There is a hustle of finding a marriage partner. After concluding that the two of you are what y’all been looking for in a marriage partner, then there’s the external acceptance phase & trust me, it is a dread. A very tense moment because you do not know what to expect from your people or what your partner is to expect from them. Fingers crossed. Usually, friends are the easiest people to make fall in love with your partner. I don’t know why. Probably because they got nothing to lose. Happy-go-lucky chaps. But then there’s the family. Some families have norms & expectations that come with who comes into their family. The character of the new person, their legacy you name it & sometimes this gets too insane & intense that the new person & them fall out… especially about issues concerning character. Did someone say, “the British Royals”?
In the end, some couples end up going rogue & literally disappear into their own planet & start their own thing entirely a fresh. A romantic compromise. But what do you think of it? How far would you go in trying to marry your family’s relationship expectations with your own appreciations? How far would I, Shadray, go?
Personally, I believe that it’s important one’s family accepts one’s partner thus the need for one to do PR for their partner before & in the event of meeting them. The family should leave room for change & acceptance that people, especially adults have varying tastes & preferences & a wide degree of independent choice.
But what happens in the case that they say no?
Well, much as the end decision is yours because it’s about your happiness, it’s important for one to make their family accept their partner because these are the people that are supposed to be there for you in case things go wrong. It’s part of what we call, ‘fighting for love.’
It’s not only about fighting for your own pleasure but also put your kids in mind. They will need a grandparent to go to.
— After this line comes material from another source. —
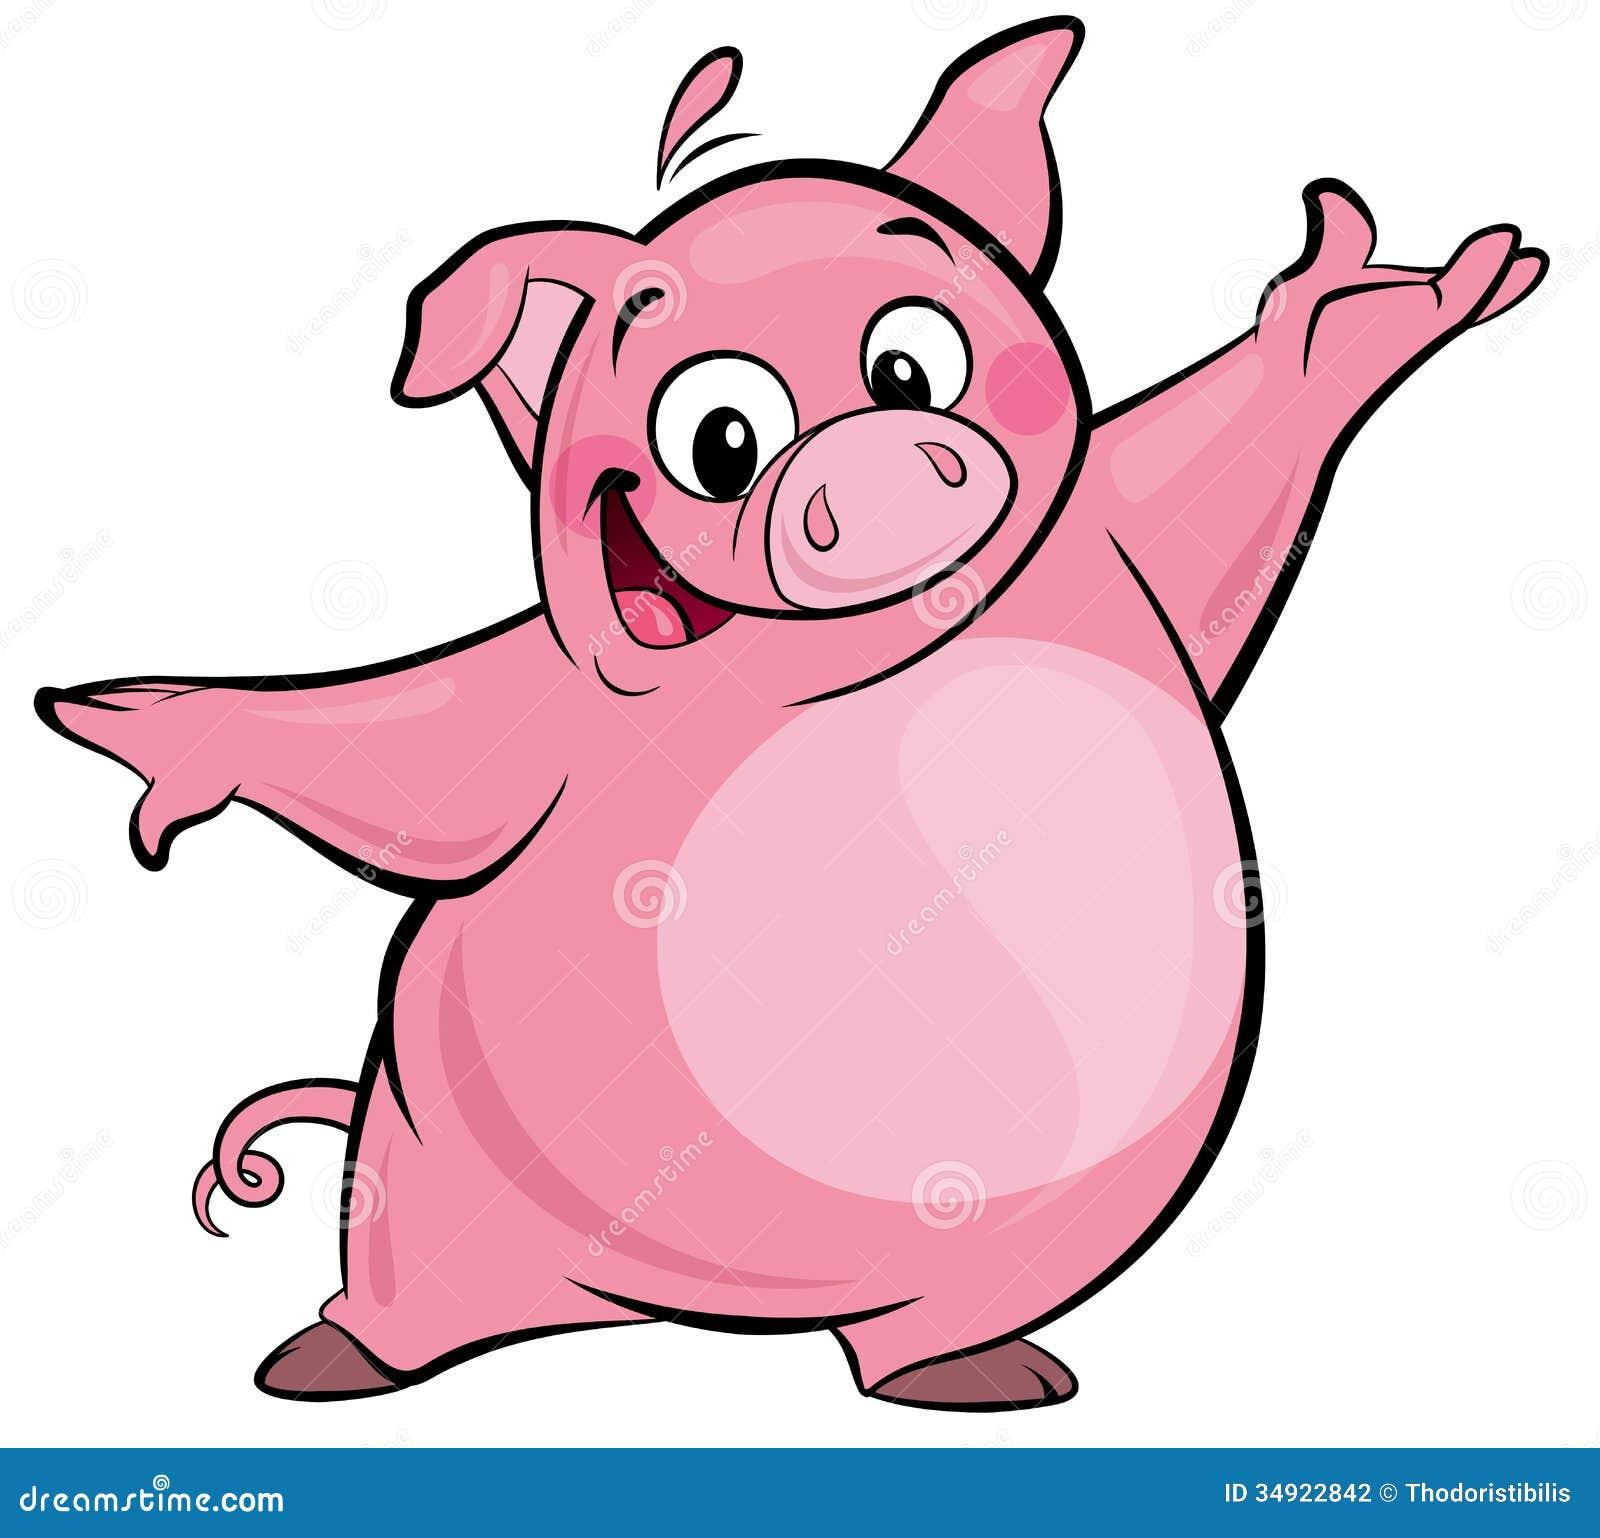 cartoon happy cute pink pig character presenting stock illustration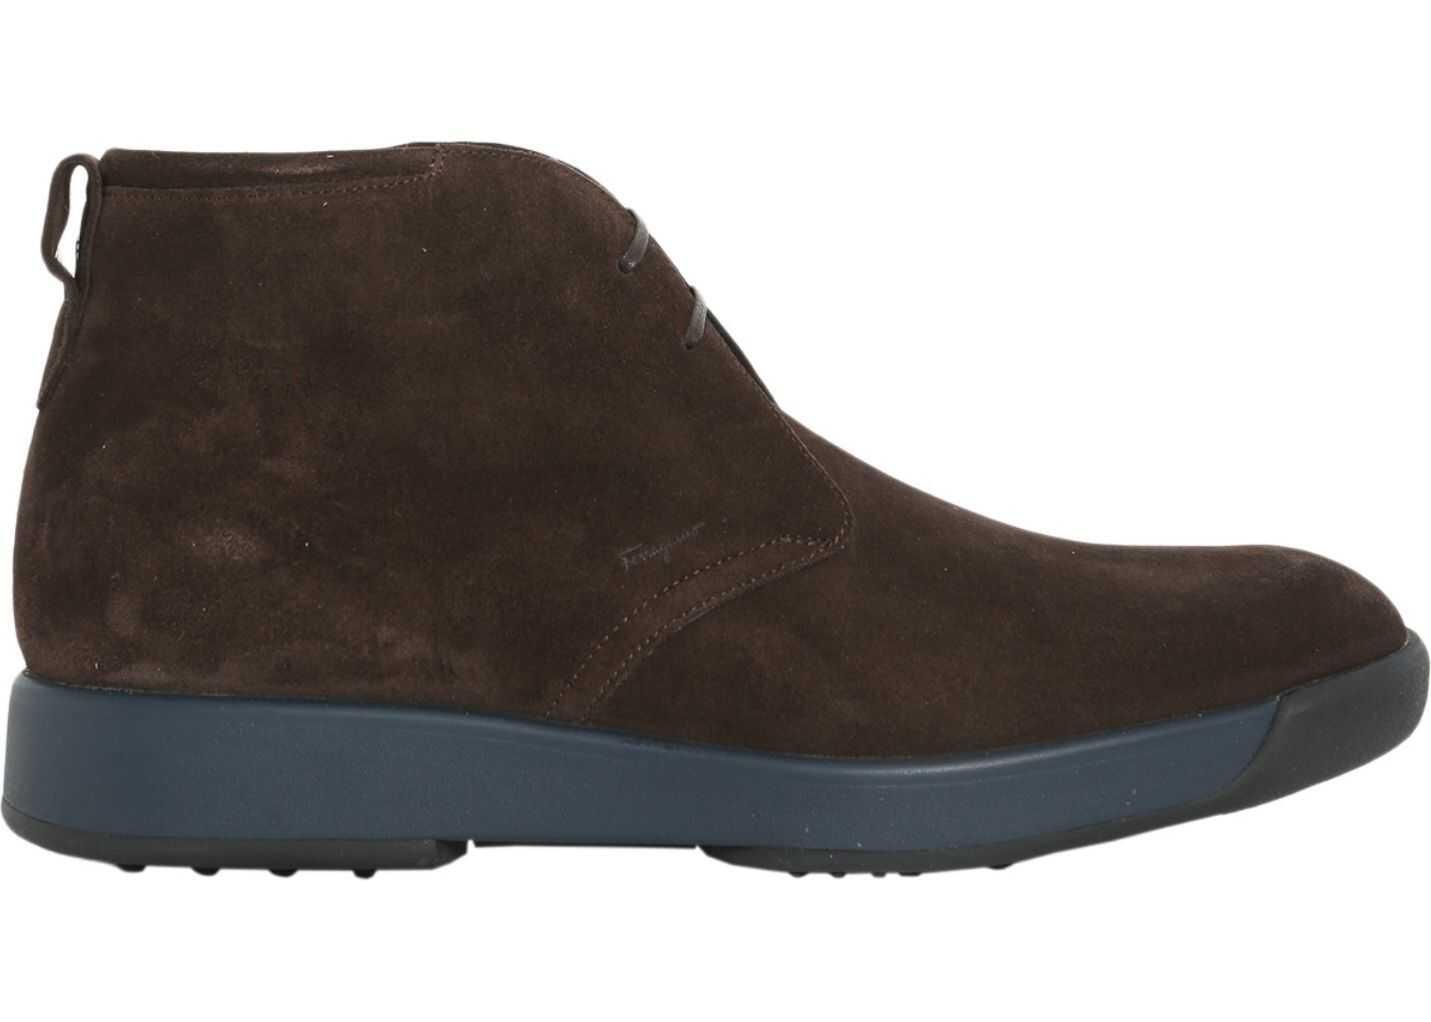 Salvatore Ferragamo Dorris Ankle Boots BROWN

An aunt, uncle etc. Sometimes, especially these days, things get tough that it’s common for one to send their kids to their people to widen the space to hustle to make ends meet but if your family isn’t in sync with your partner, then where are you sending your kids to where they won’t likely be discriminated against?
When you need to get away as a family but you fell out with your family because of your partner, is it always going to be at your friends’ homes? Can’t they get tired of you? Or it’s gonna be at hotels only? The expense.
Sometimes parents die before their kids are of a self-sustainable age & God forbid if you didn’t make it right with your family then who’s going to take in your kids? You’ve already abused all of them so naturally, people often take these things at heart so they’ll pass the anger on to your kids.
Don’t let your family dictate on your relationship because it’s your life but try as much to make sure your partner & the families involved are friends. They may not agree on everything about them but maximize on what they agree on. Usually, they eventually catch up. It’s a process some times. Personally, if I am in a relationship with someone, I try to make sure that my people get to know them & accept them. Why I chose that kind of girl is my issue & I’ll try as much to make them accept her because she’s the one I’m to spend forever with. Since I am not to commit incest, they should understand why her. It’s my job. However as well, people must also try to be likable. I can’t take you to my people & you start acting like you own the land on which they built.